Graded on a Curve:
Heart,
Dreamboat Annie

What do you get when you cross Stevie Nicks with Led Zeppelin? Heart, of course. Ann Wilson brought folk-inflected female tonsils to the hard-rock table, and things were never the same.

Or rather they were the same, because Heart, while they were groundbreaking, were not one of those bands like the Velvet Underground that went on to launch a thousand imitators. Aside from the songs we all know because they still get played on classic rock radio, Heart’s sound never caught on for the simple reason that they could never settle on a sound, as is demonstrated on their 1976 debut Dreamboat Annie.

Dreamboat Annie veers from Led Zep rips (see “Soul of the Sea”) to Glen Campbell-flavored ersatz country (see all three iterations of the title track, the second of which is the keeper), and takes a few MOR folk, pop, and country rock stops on its way. So if it’s continuity or cohesiveness you’re seeking I suggest you look elsewhere. Diversity–in terms of both gender and music–is the order of the day, and while Ann and Nancy Wilson certainly did a lot in terms of proving girls could play just as well as the boys, the musical on their debut is diverse to a fault.

Ann Wilson is what happens when a little girl grows up wanting to be Robert Plant instead of Janis Joplin or Karen Carpenter; unfortunately the Wilson Sisters couldn’t decide whether they wanted to grow up to be Led Zeppelin or Fleetwood Mac. The lesser angels of their nature led them to unsatisfying compromises like “How Deep It Goes” (string and horn-infested pop shlock) and “(Love Me Like Music) I’ll Be Your Song” (bona fide soft rock), the latter of which reminds me of Bread, for Christ’s sake.

No, Ann, Nancy, and Company are at their best showing off their rock’n’roll chops, and the real problem with Dreamboat Annie is they don’t do so more often. “Sing Child” is the lovechild of “Funk #49” and Jefferson Starship and features a downright nasty guitar riff; I can even forgive Ann the flute solo, on which she has the good sense to ape Ian Anderson rather than Chicago’s Walter Parazaider. And “Crazy on You” opens with some show-offy acoustic guitar noodling before exploding into one of the best hard rock songs to come out of 1976.

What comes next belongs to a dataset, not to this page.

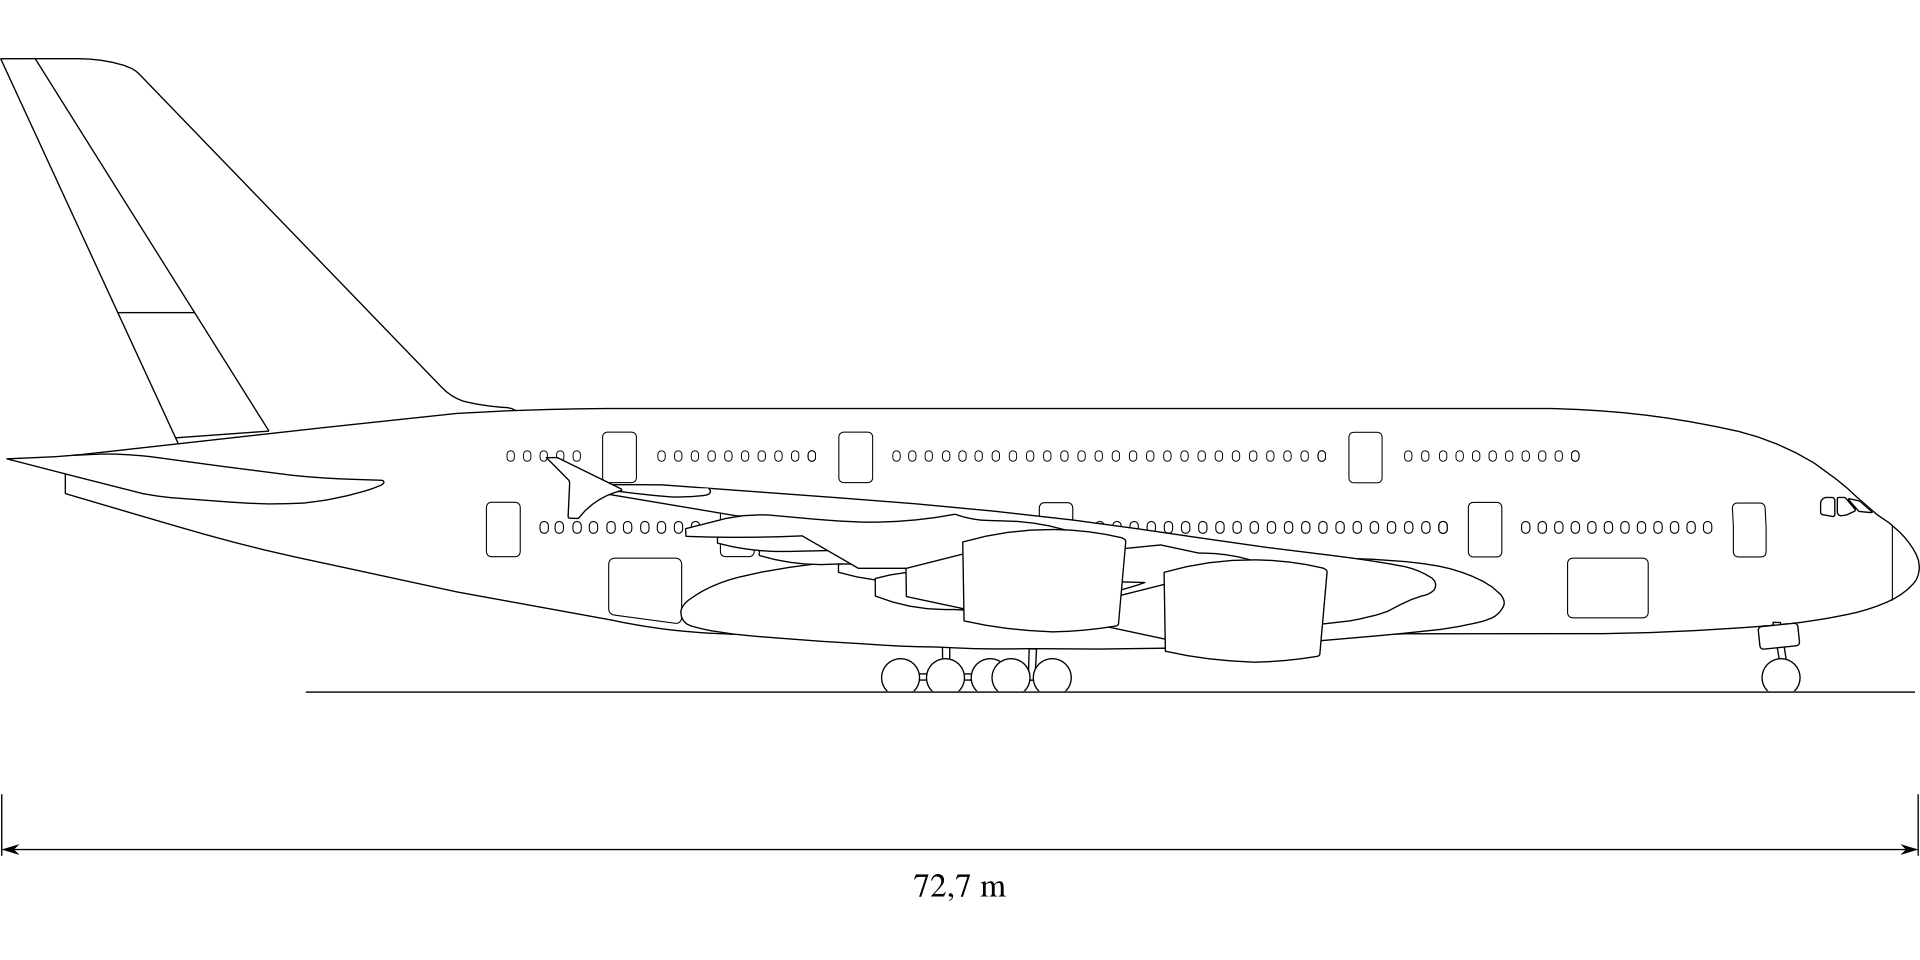 Airbus a380 profile drawing free image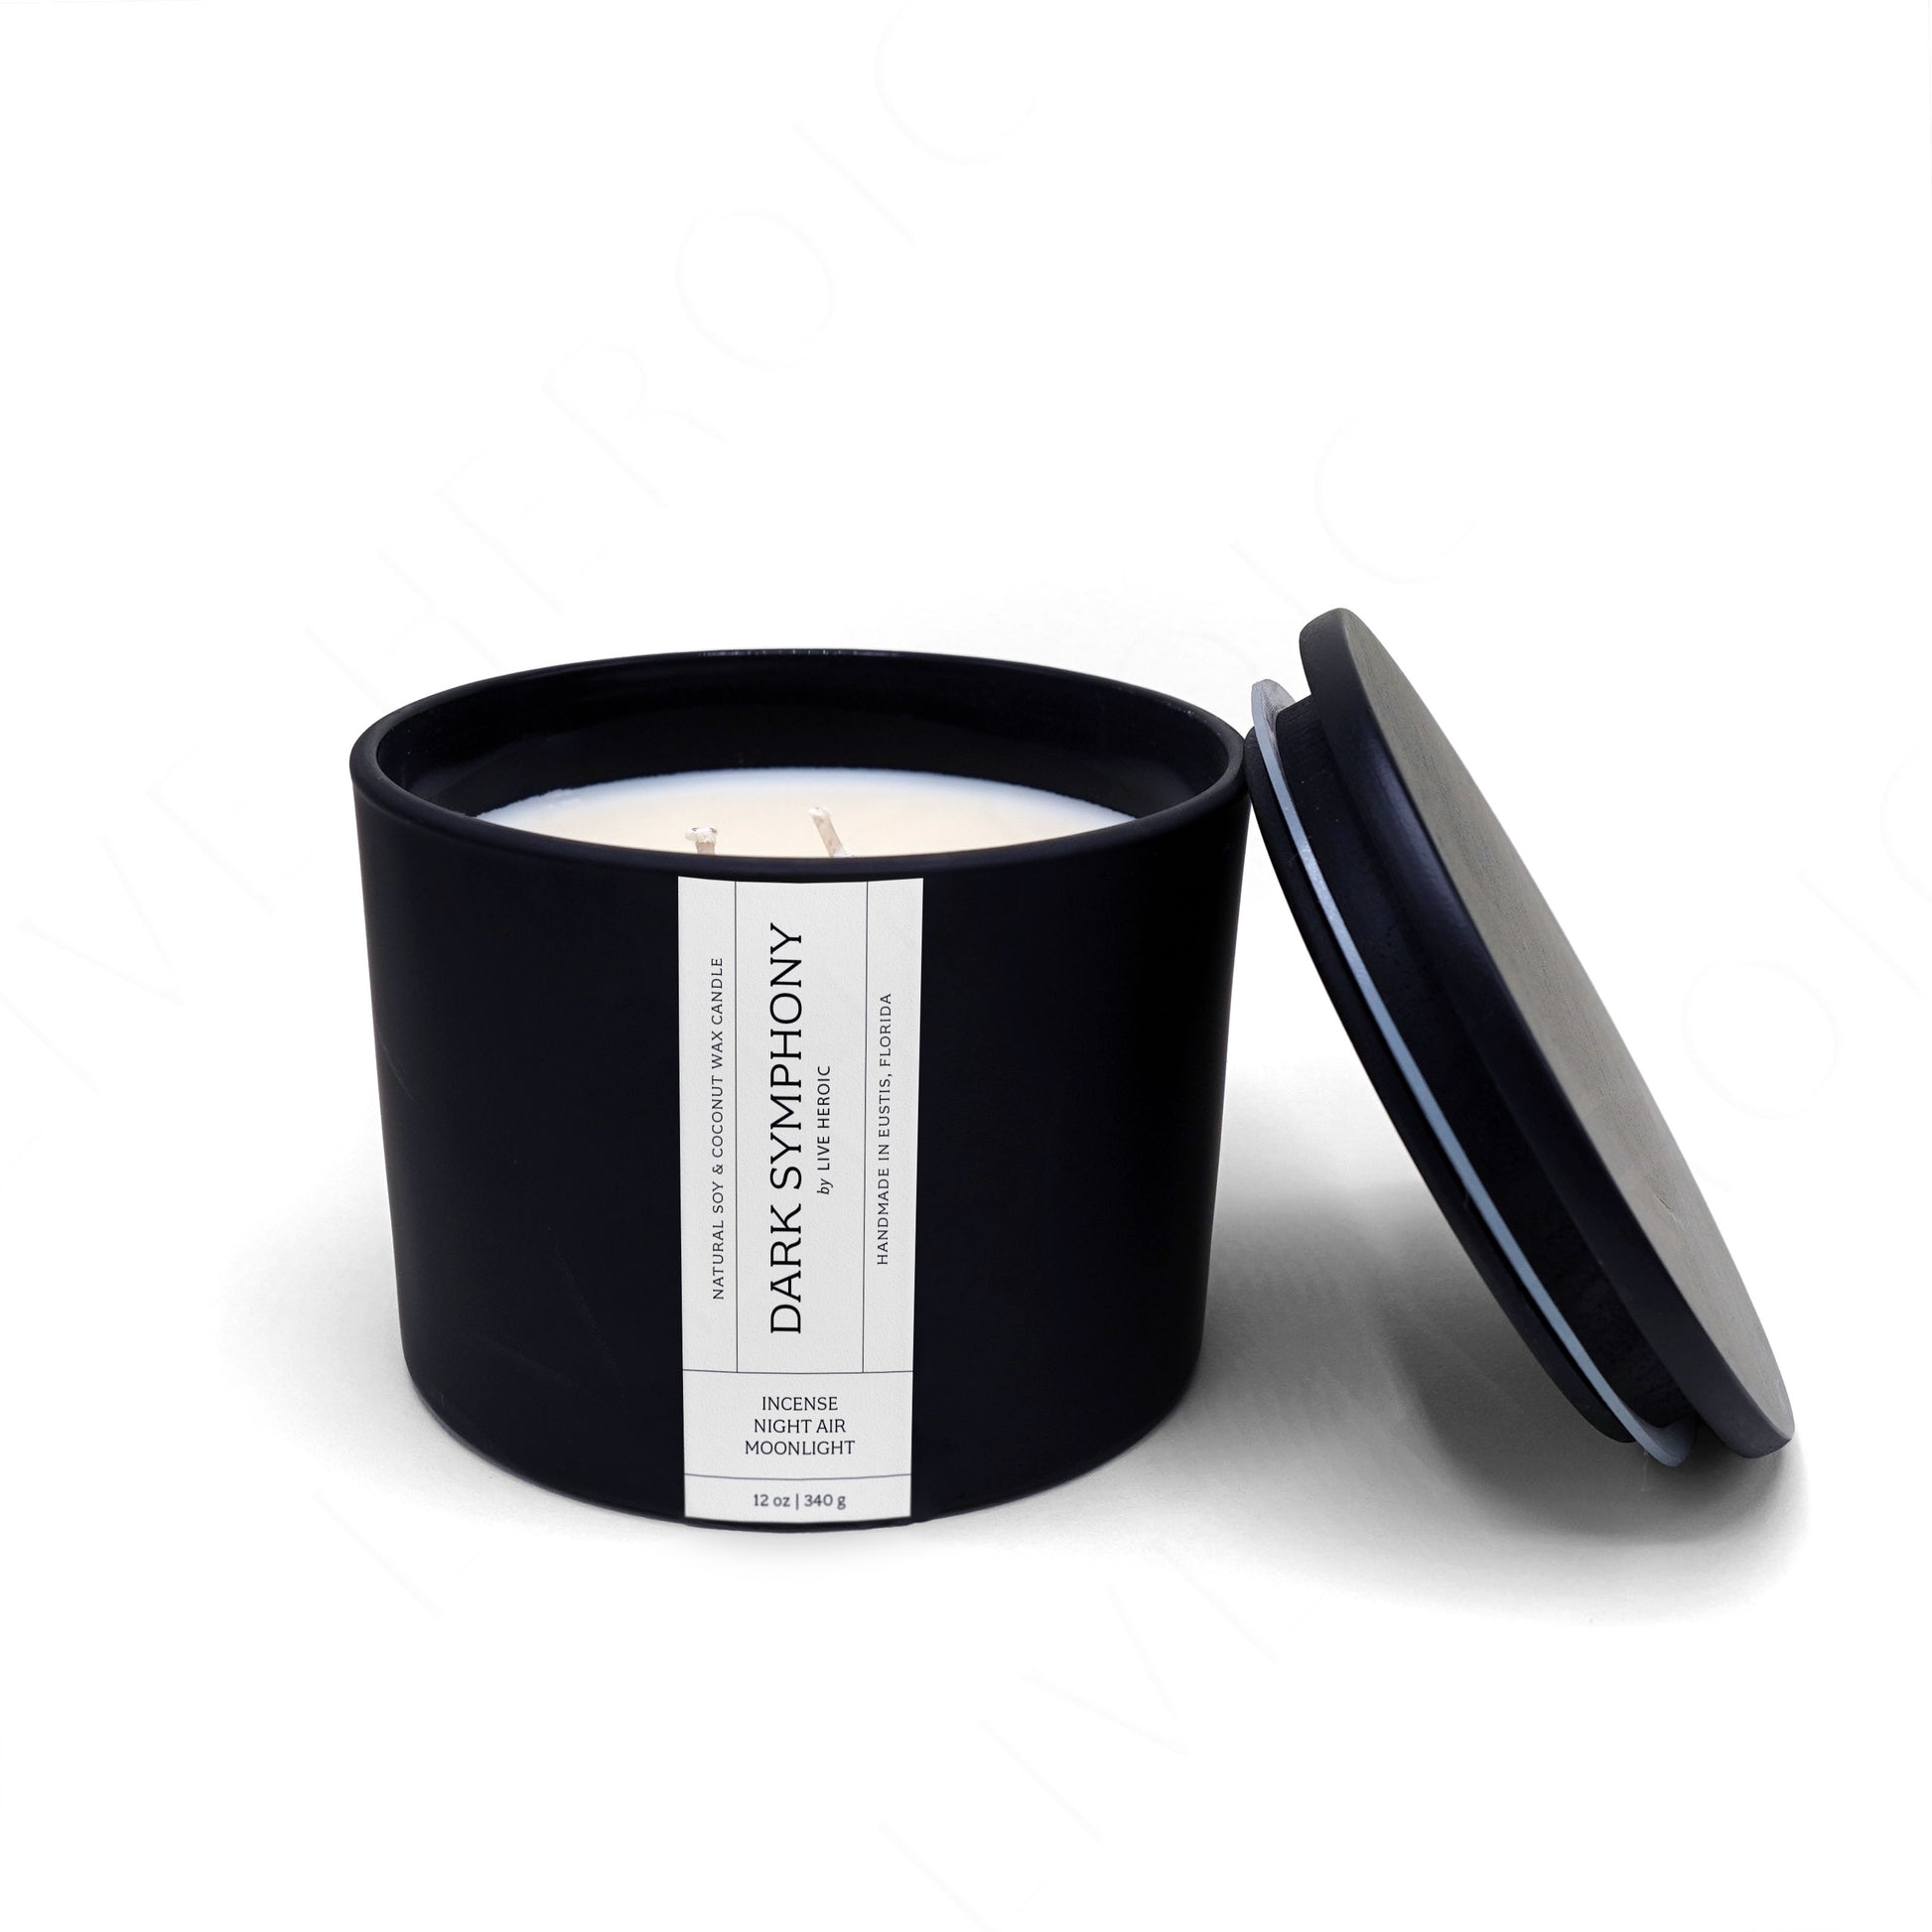 Dark Symphony | 12 oz Scented Coconut & Soy Wax Candle by Live Heroic

As for “Magic Man,” well, who can forget that twisted guitar, that slinky groove, and those hocus-pocus lyrics? It’s all so spooky, man, and my friend Dennis Davis tells me he had a friend who was convinced the Wilson sisters were Manson Girls and the Magic Man was none other than Charlie himself. There’s not an ounce of truth in the story, but this one sure gives off a witchy messianic sex cult vibe. Also a rocker: the very syncopated “White Lightning and Wine,” a rather lightweight baby which succeeds on drums and bass alone. That said I love the guitar solo, which actually makes me think of Television.

Dreamboat Annie is the work of a band torn between contradictory impulses; they couldn’t decide whether they wanted to rock out without their cocks out or produce dreamy melodies that showed off their folk-pop leanings. So they did both, and what we’re left with is an album with multiple personalities. On their best songs they integrated both sides of their personality; on the lesser songs they settle for pleasant AOR radio fare that fails to shine.

Led Zeppelin managed to weave folk influences into their blues-based heavy metal sound; Heart were the lesser weavers. They more or less gave up on trying and went straight for the hard rock jugular on 1980’s Babe Le Strange, but it didn’t sell as well as their first two LPs. Seems you’re damned if you do and you’re damned if you don’t, and a sister can’t catch a break nohow.